Some intersections in the Poincare bundle, and the universal theta divisor on the moduli space of (semi)abelian varieties

TL;DR

This paper computes intersection numbers on the Poincare bundle to determine the classes of universal theta divisors on the moduli space of semiabelian varieties, advancing understanding of their geometric structure.

Contribution

It provides explicit intersection number calculations and new formulas for universal theta divisor classes on the boundary of the moduli space.

Findings

Computed all top intersection numbers of divisors on the Poincare bundle.

Derived the class of the universal theta divisor and m-theta divisor in semiabelian varieties.

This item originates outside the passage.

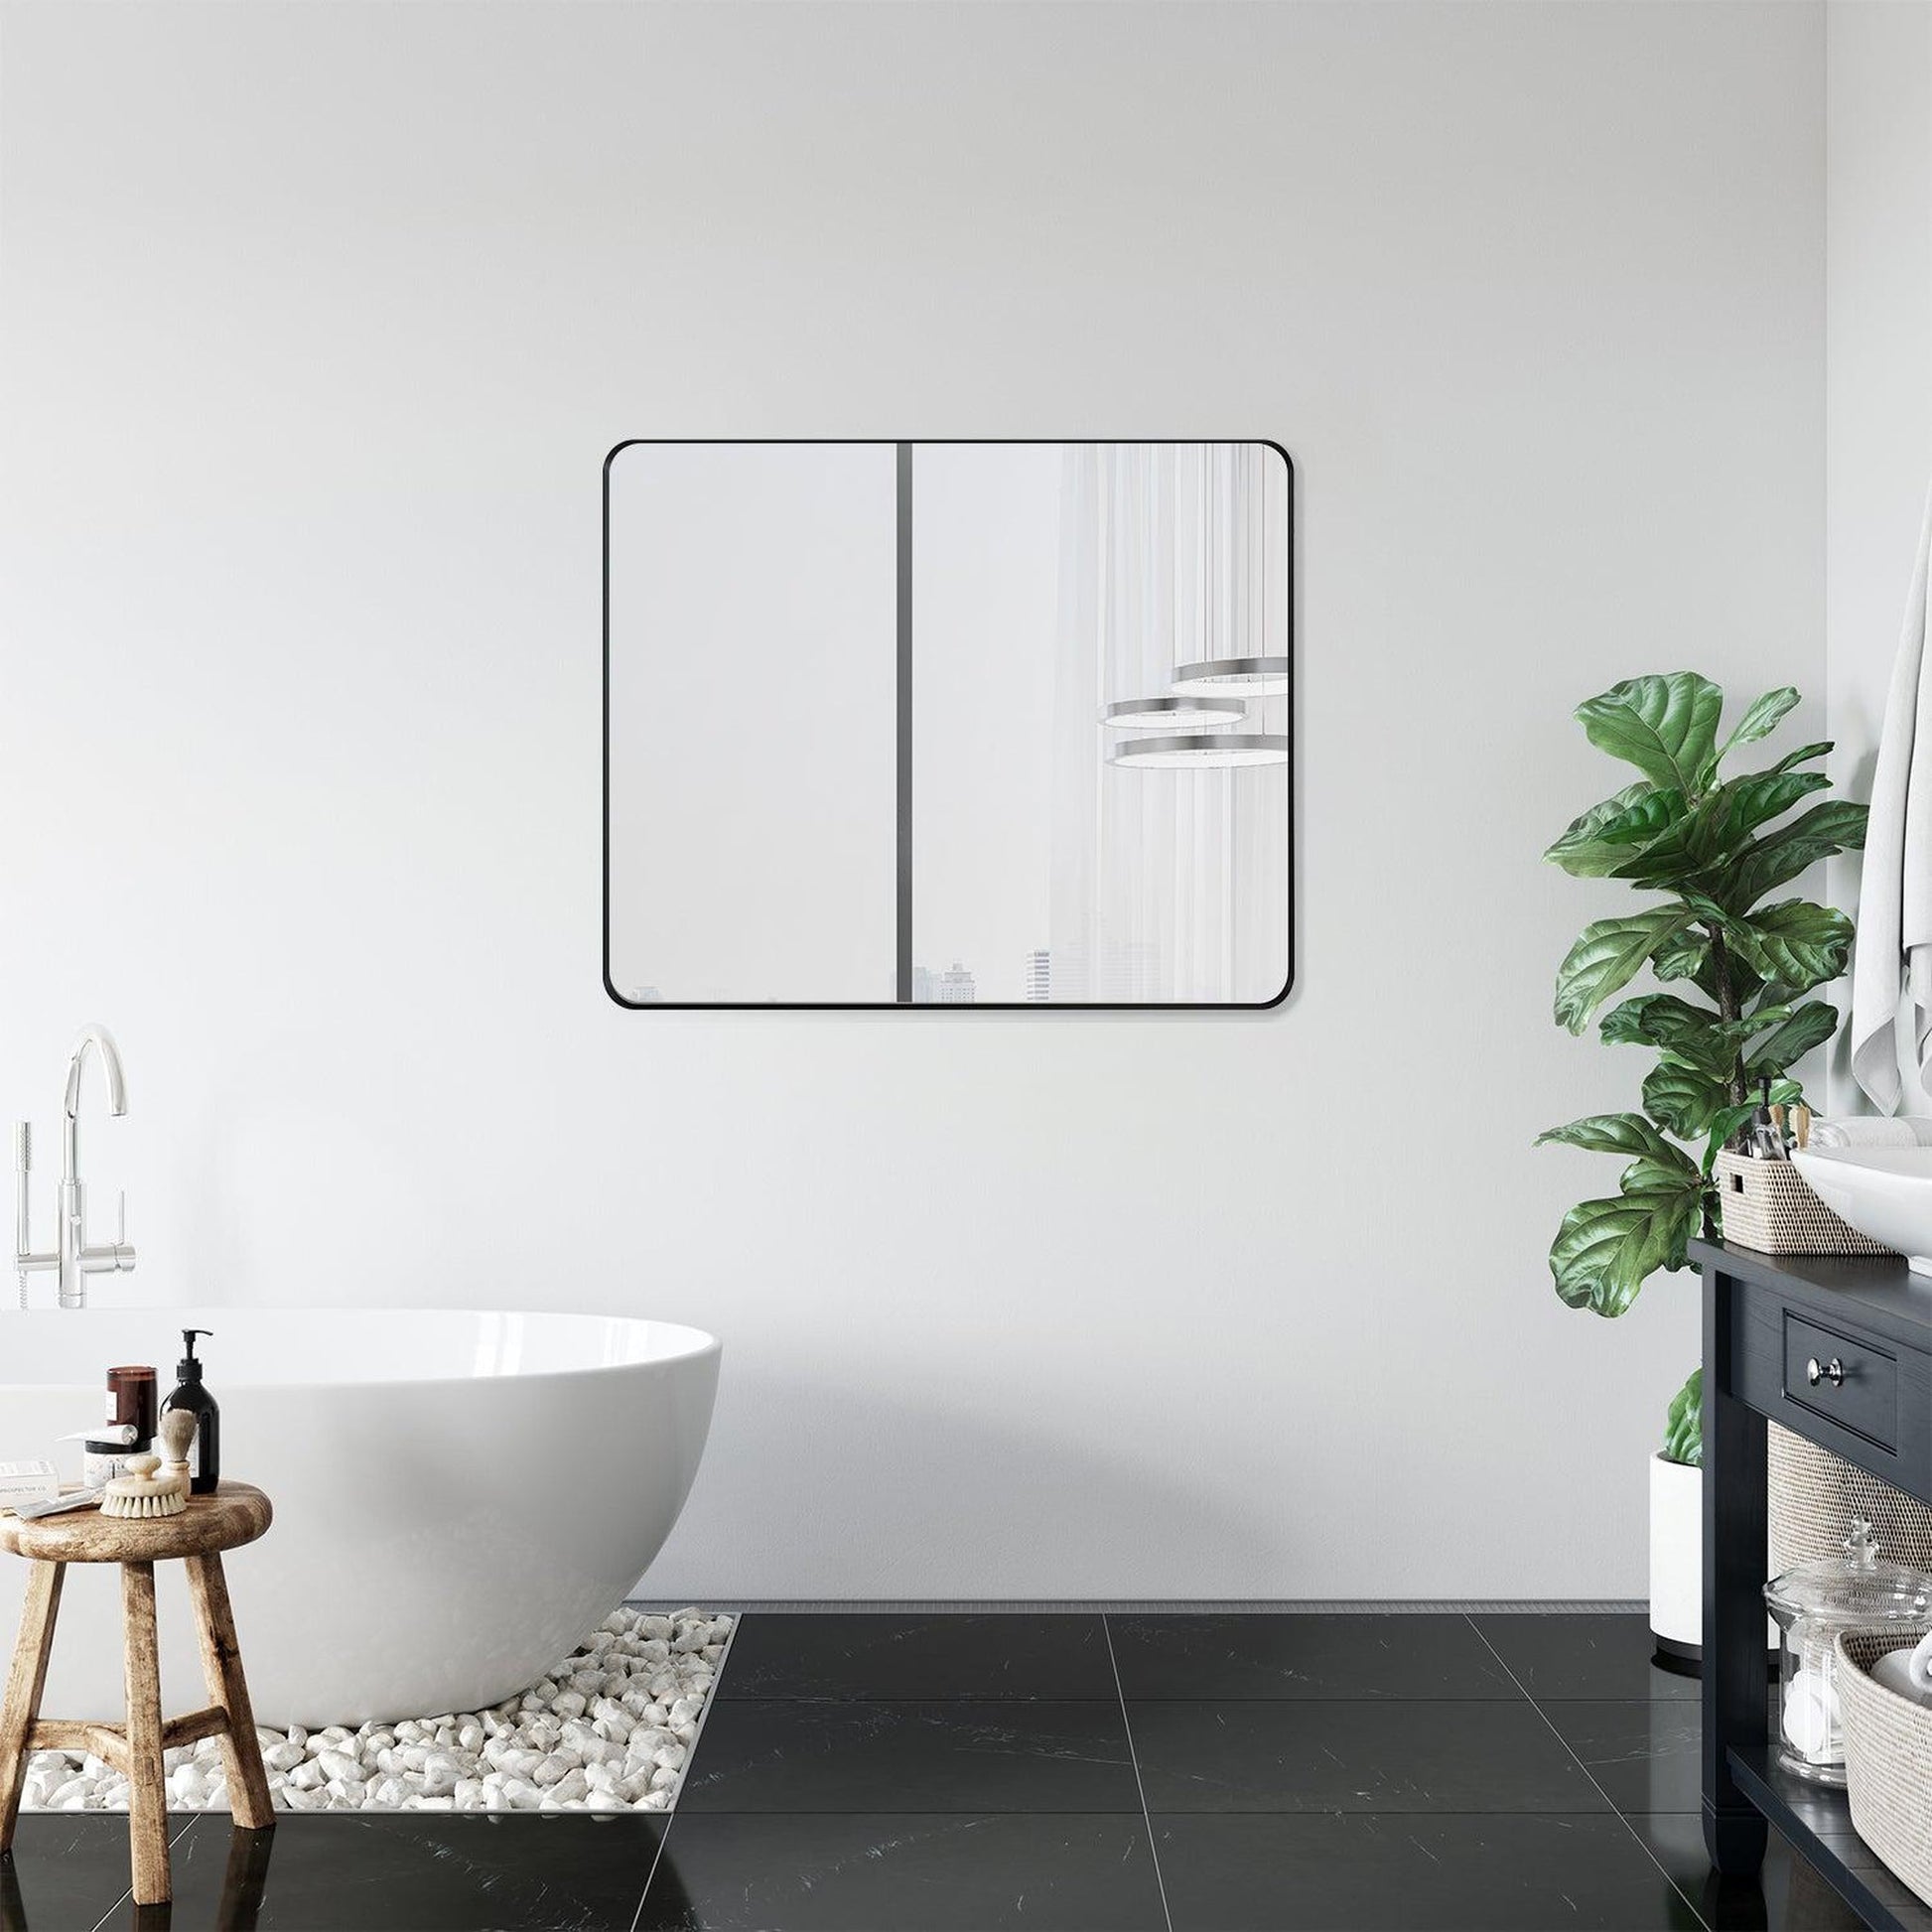 Altair Nettuno 36" x 30" Rectangle Matte Black Aluminum Framed Wall-Mounted Mirror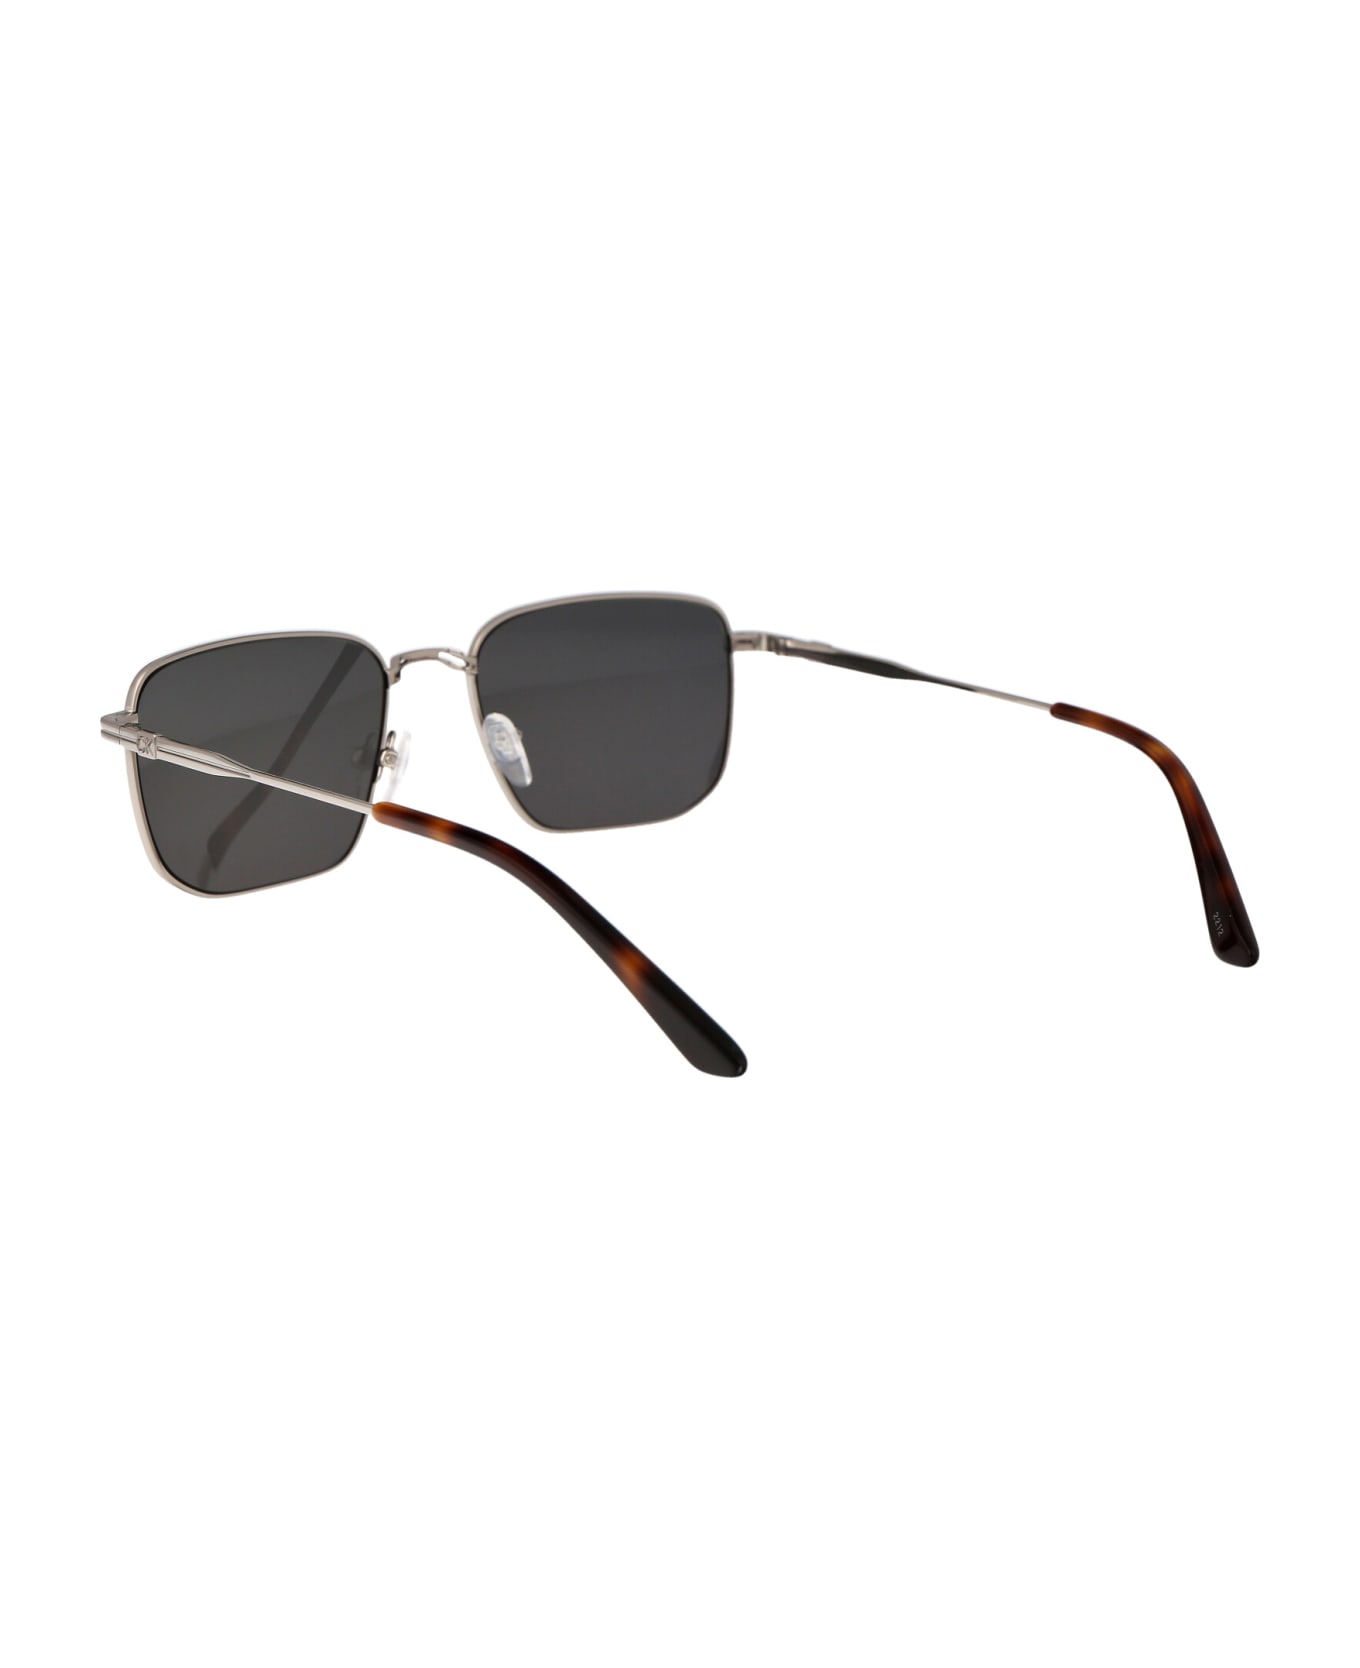 Calvin Klein Ck23101s Sunglasses - 045 SILVER

Calculated boundary coefficients for the Andreotti-Mayer divisor and the universal m-theta divisor.

Abstract

We compute all the top intersection numbers of divisors on the total space of the Poincare bundle restricted to the product of a curve and the abelian variety. We use these computations to find the class of the universal theta divisor and $m$-theta divisor inside the universal corank 1 semiabelian variety -- the boundary of the partial toroidal compactification of the moduli space of abelian varieties. We give two computational examples: we compute the boundary coefficient of the Andreotti-Mayer divisor (computed by Mumford but in a much harder and ad hoc way), and the analog of this for the universal $m$-theta divisor.